Exercise directions — When you transcribe the listing, keep each line exact and drop the pictures.

Collected data —
--- --- ---

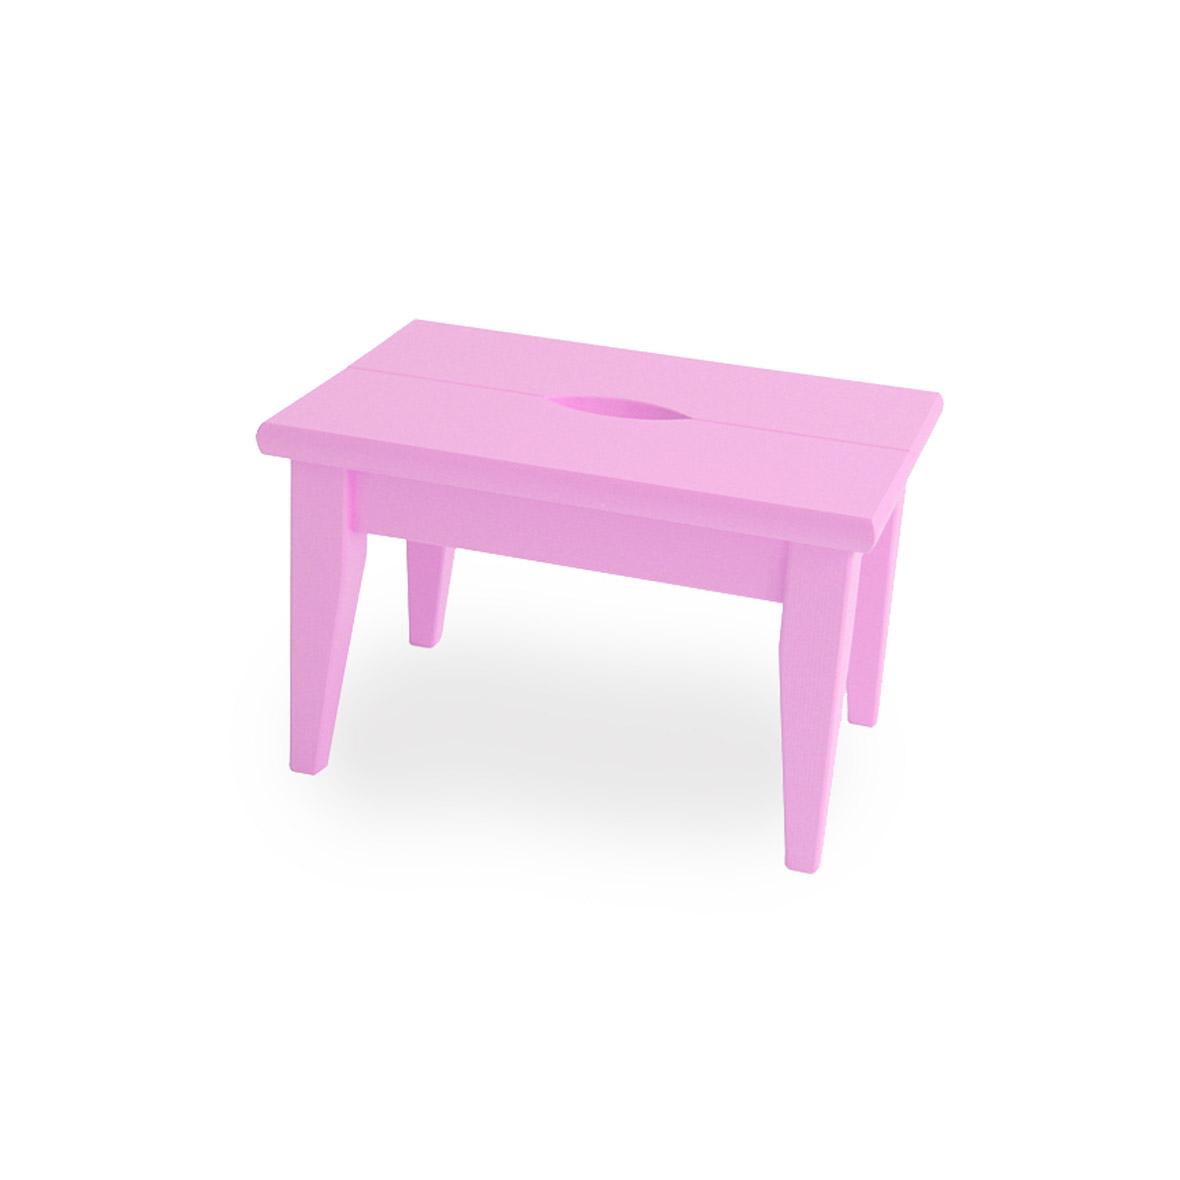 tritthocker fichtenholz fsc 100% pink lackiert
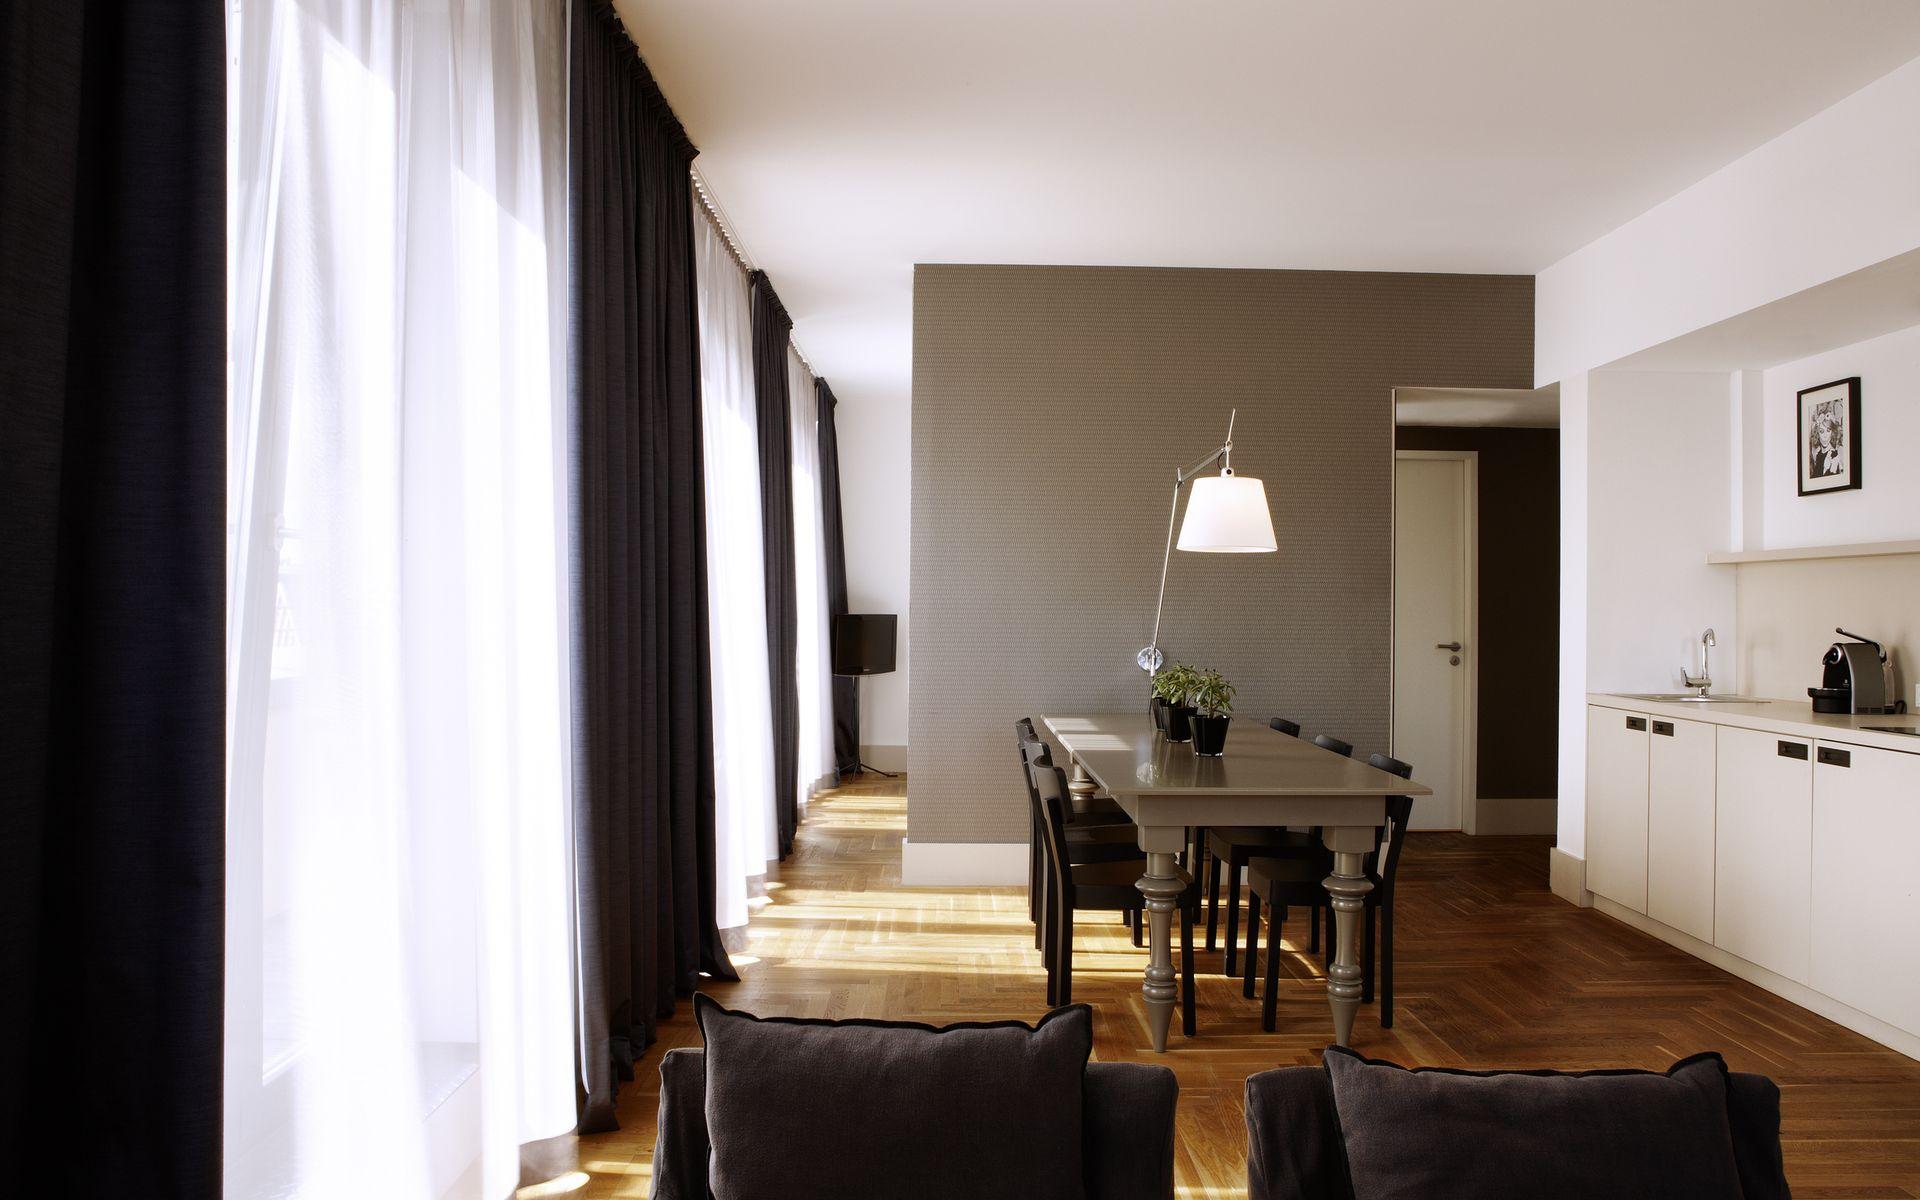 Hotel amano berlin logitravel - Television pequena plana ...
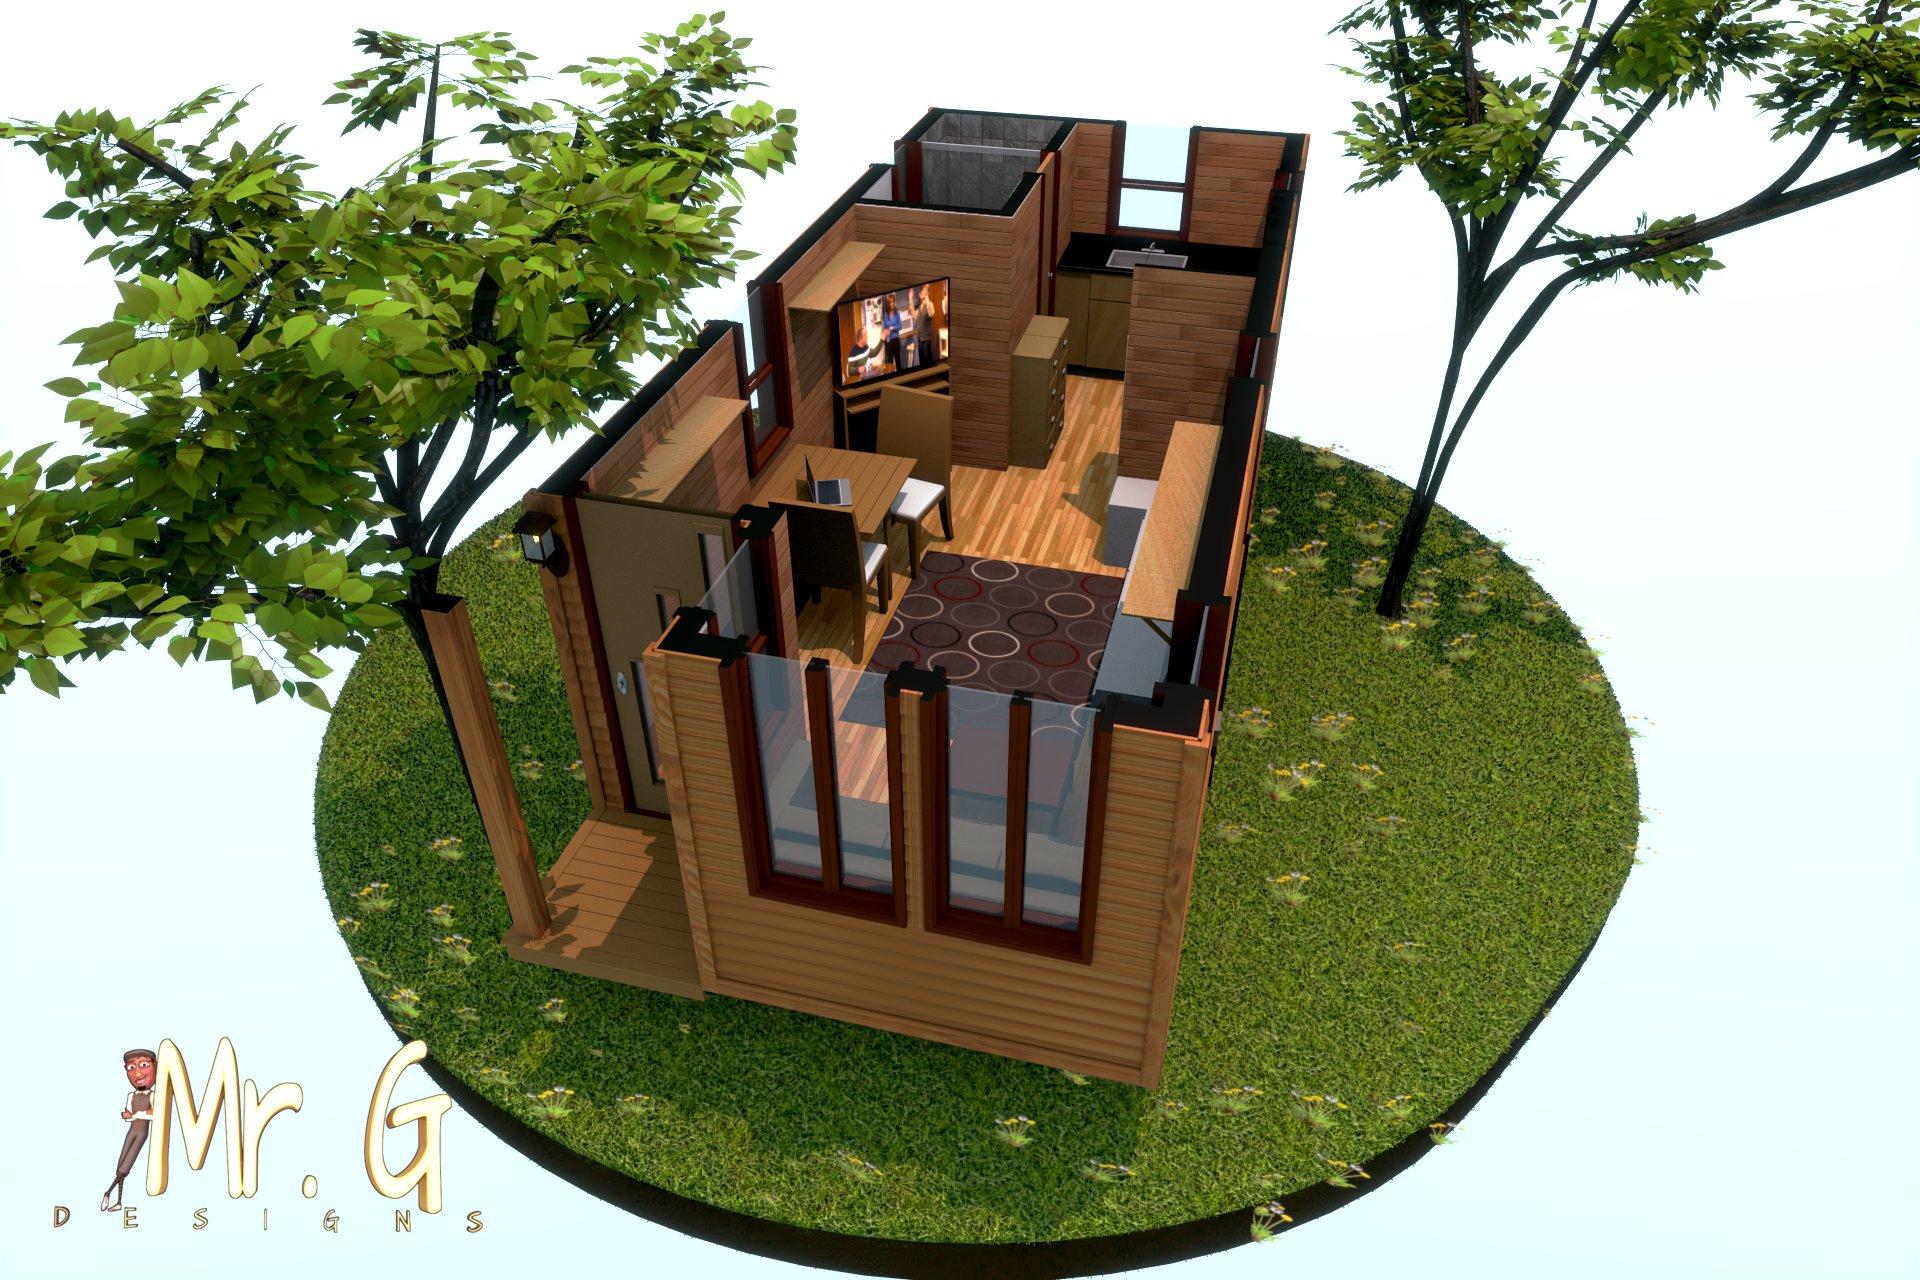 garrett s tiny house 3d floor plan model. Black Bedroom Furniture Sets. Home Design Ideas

--- --- ---

Response area —
 tritthocker fichtenholz fsc 100% pink lackiert
 Hotel amano berlin logitravel - Television pequena plana ...
 garrett s tiny house 3d floor plan model. Black Bedroom Furniture Sets. Home Design Ideas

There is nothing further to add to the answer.